◆ **TRY IT**: Nothing but the lines from the one containing "Composed of carved" to the end of the material should be returned, each exactly as written.

◆ **GIVEN DATA**:
------------------------------

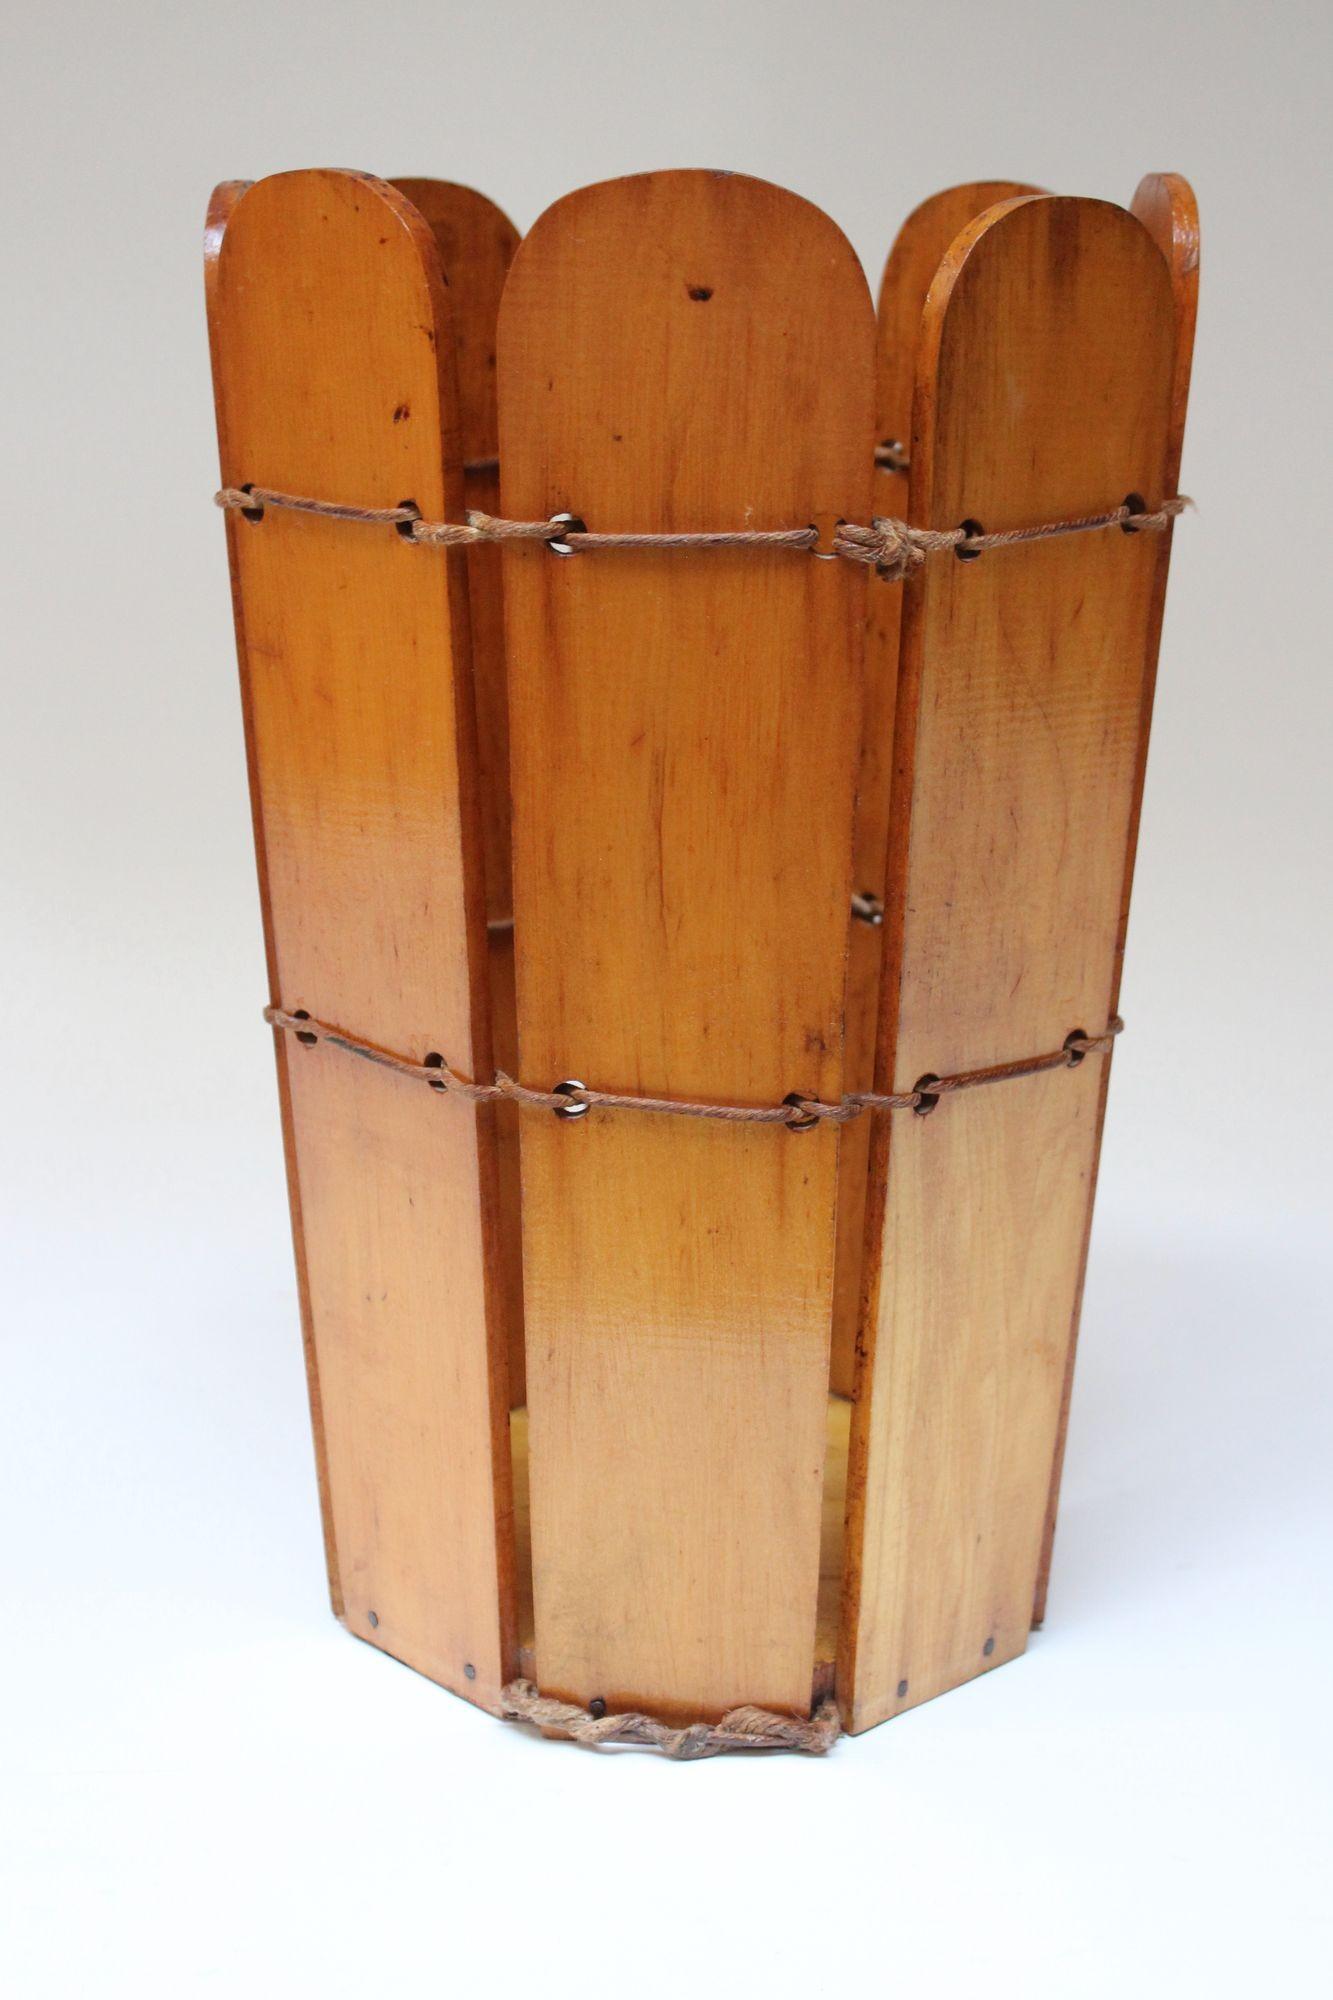 Craftsman/Adirondack style octagonal-form wastebasket (ca. 1930s, USA).
Composed of carved maple planks bound together with twine. Nails are all original and are good period examples.
Shows distressing/age-appropriate wear throughout (namely,

------------------------------

◆ **OUTPUT OF THE TASK**:
Composed of carved maple planks bound together with twine. Nails are all original and are good period examples.
Shows distressing/age-appropriate wear throughout (namely,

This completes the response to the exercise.